La búsqueda de los huesos de Cervantes en el convento de las Trinitarias madrileño me produjo dos asociaciones de memoria, ambas referentes a relativos fracasos. Una es que Isabelita Perón estuvo a punto de tomar el velo en dicho convento, acaso guiada por la cercanía de Lope de Vega, autor de comedias. Otra, unas tareas semejantes emprendidas con los huesos de Cristóbal Colón y su hijo Diego, y de otro Diego, el grande, grandísimo pintor Velázquez.
El descubridor –encubierto, vaya dicho de paso– de las Indias o sea de América, dejó sus huesos junto con los de su hijo, por mitades, entre Sevilla y Santo Domingo. Peloteras hubo hace unas décadas para desglosar las tumbas y repartir correctamente los restos: aquí los de Cristóbal, allí los de Diego. No hubo caso, naturalmente. Lo mismo pasó con los de Velázquez por la madrileña plaza de los Ramales.

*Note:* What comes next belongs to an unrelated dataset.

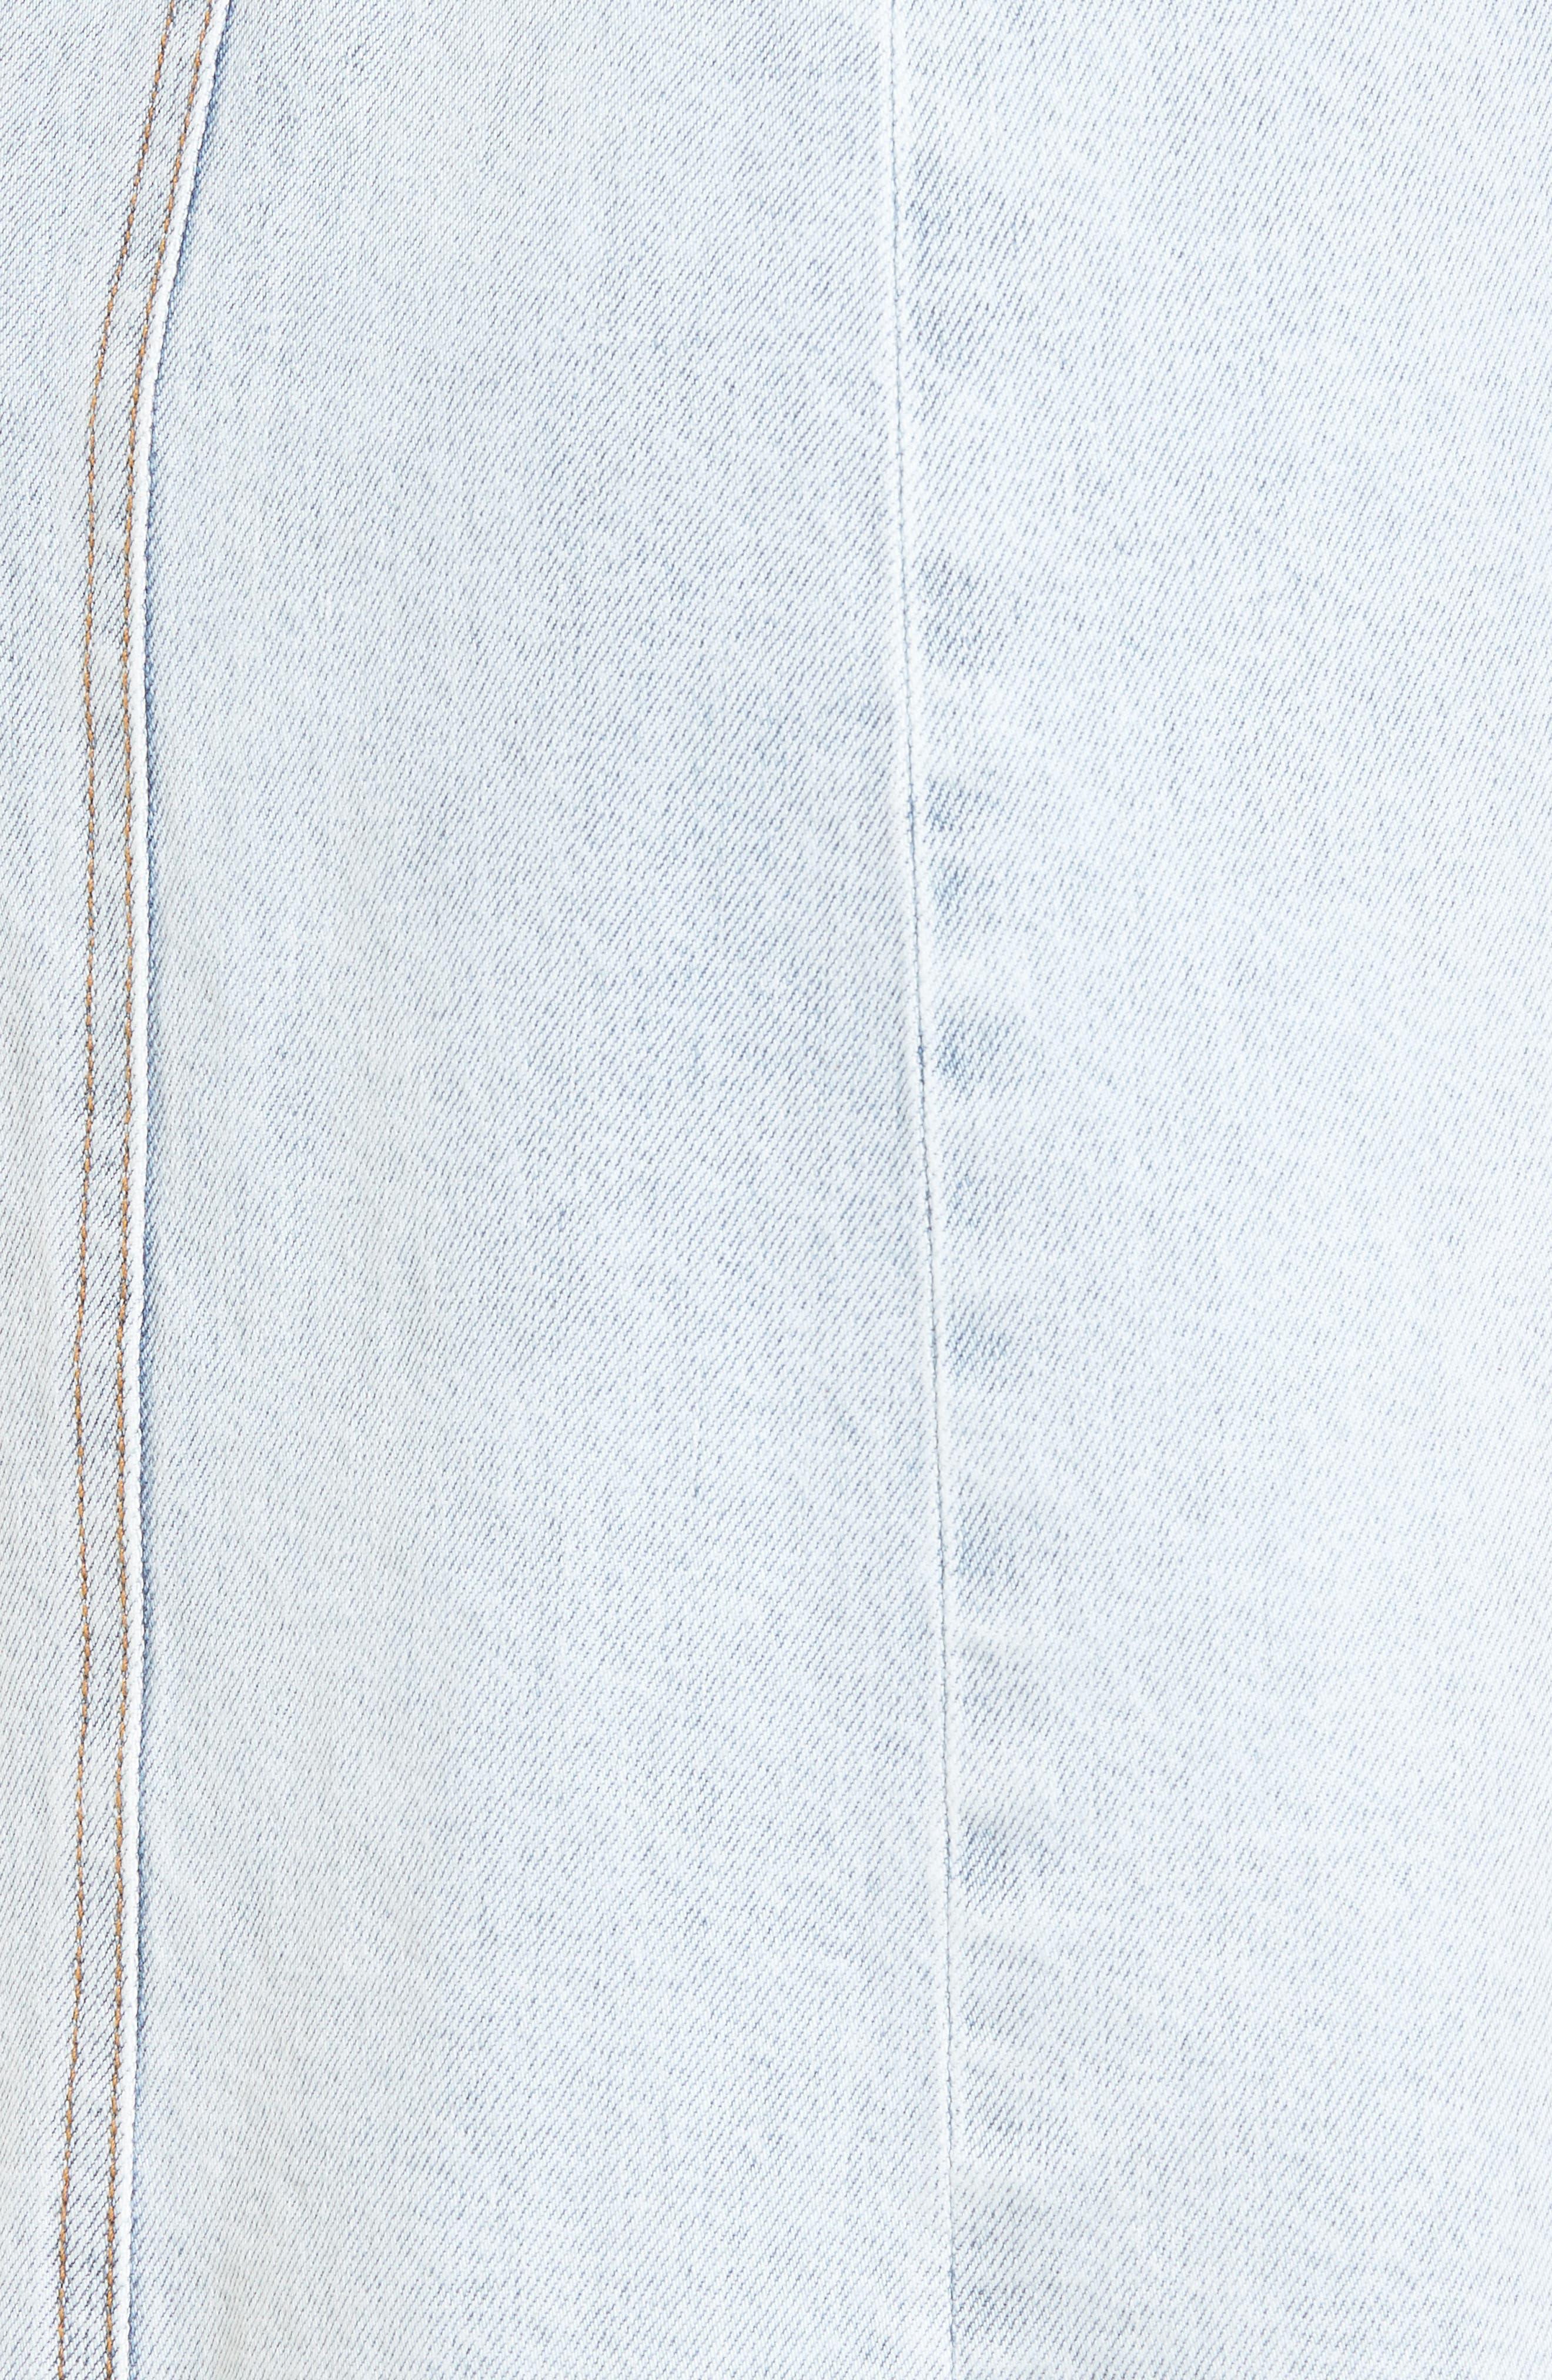 Denim Pinafore Dress,                             Alternate thumbnail 5, color,                             Desert Sun Bleached 1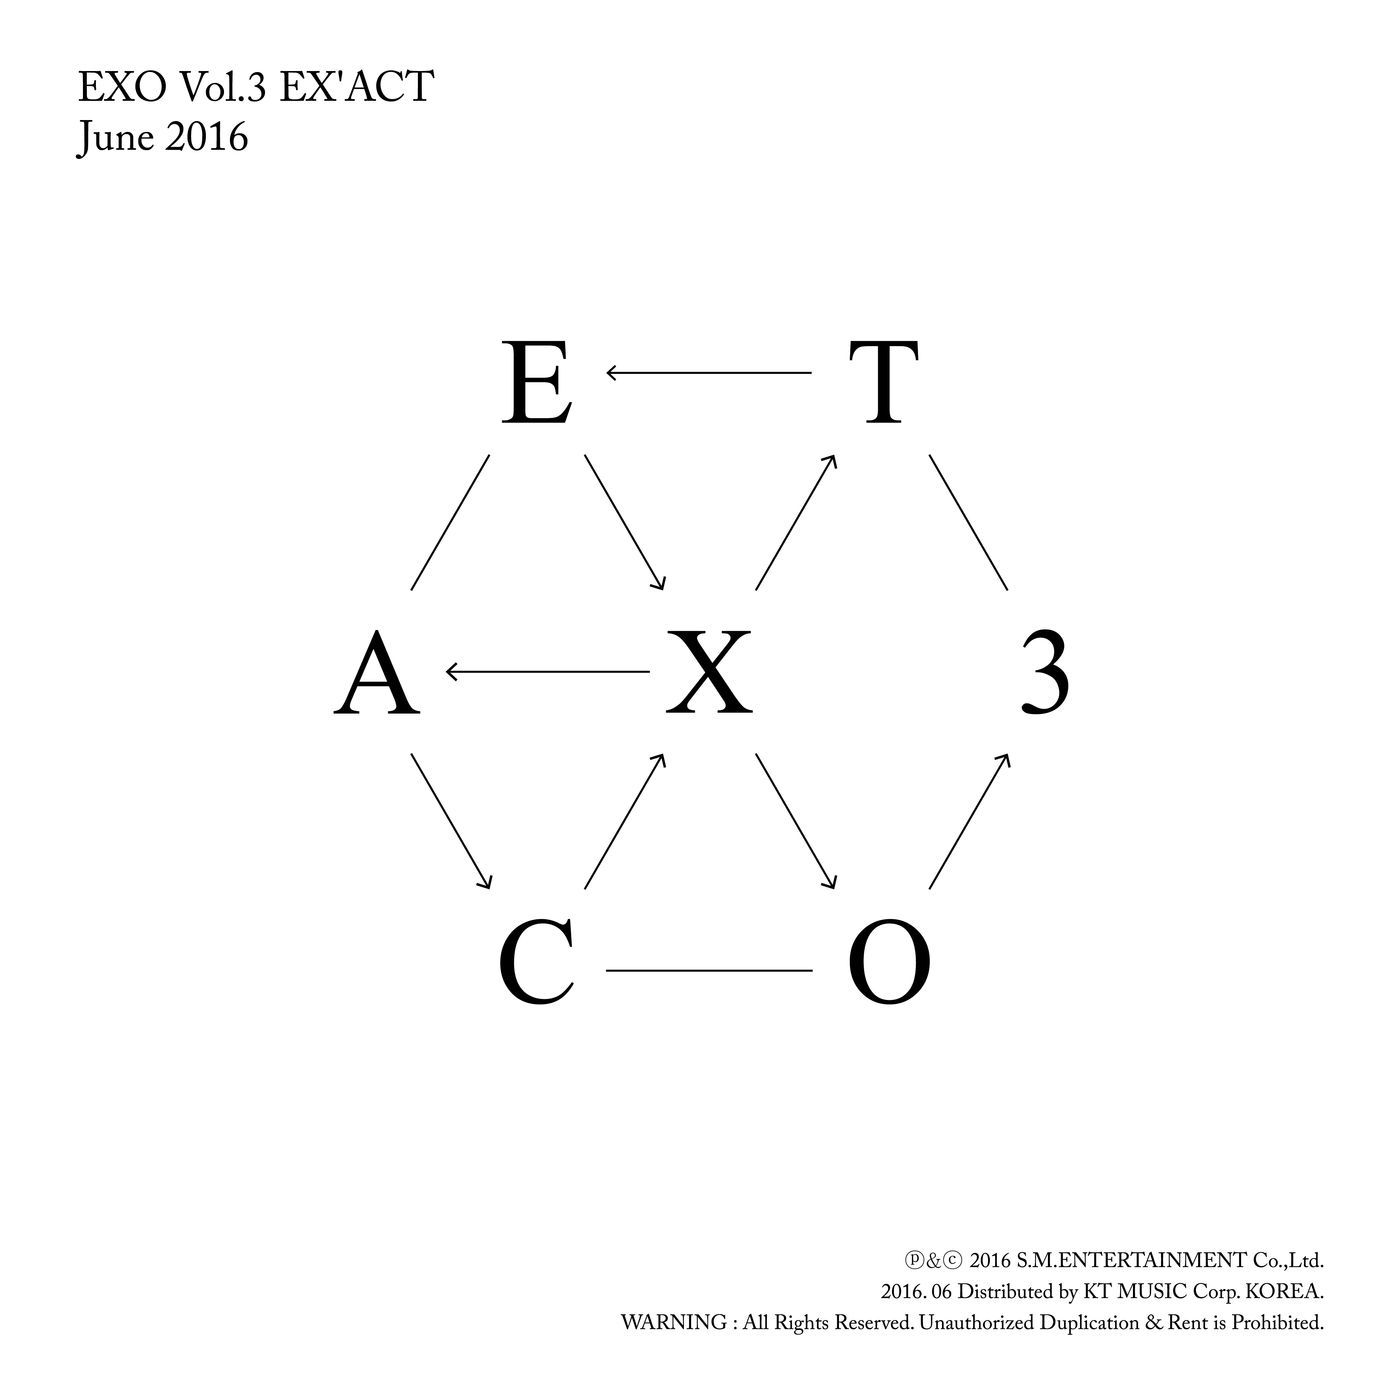 EXO - EX'ACT (Full 3rd Album) - Lucky One + MV K2Ost free mp3 download korean song kpop kdrama ost lyric 320 kbps

Mucho de honra necrófila y de adoración idolátrica hay en estas búsquedas. Por algo se guardan sobras corporales de los santos en los relicarios de ciertas iglesias. Lo llamativo de estos casos es que tanto Colón padre como Cervantes y Velázquez son personajes de cuyas vidas se conoce poco y, en consecuencia, dan lugar a leyendas más menos doradas, rosadas o negras.
Colón debió verse obligado a ocultar parte de su currículo, a contar desde su origen. Don Miguel y don Diego son hombres del barroco, una era de la disimulación y el trampantojo, que ha dejado escaso material para biografías. Me pregunto, entonces: ¿valen más los huesos de estas figuras que América, el Quijote o Las Meninas? Velozmente recuerdo lo que dice el San Sebastián de D’Annunzio: “¿Por qué buscáis entre los muertos a quien está vivo?”
Respetemos las ambigüedades, que son la sal de la historia. Nunca sabremos si el listillo de Colón se dio cuenta de que aquellos indios no eran chinos sino, justamente, indios; nunca sabremos a ciencia cierta quién es Don Quijote, si se llama Quijano, Quijada o Quesada; y tampoco jamás averiguaremos quién es el enigmático señor que, en el último plano de Las Meninas, descorre una cortina de cuero para que entre la luz de la tarde, en tanto el resto del cuadro está iluminado por el mediodía. Dicho esto, deseo el mejor de los resultados a los osados especialistas que hurgan en el osario trinitario pero prefiero releer el Quijote.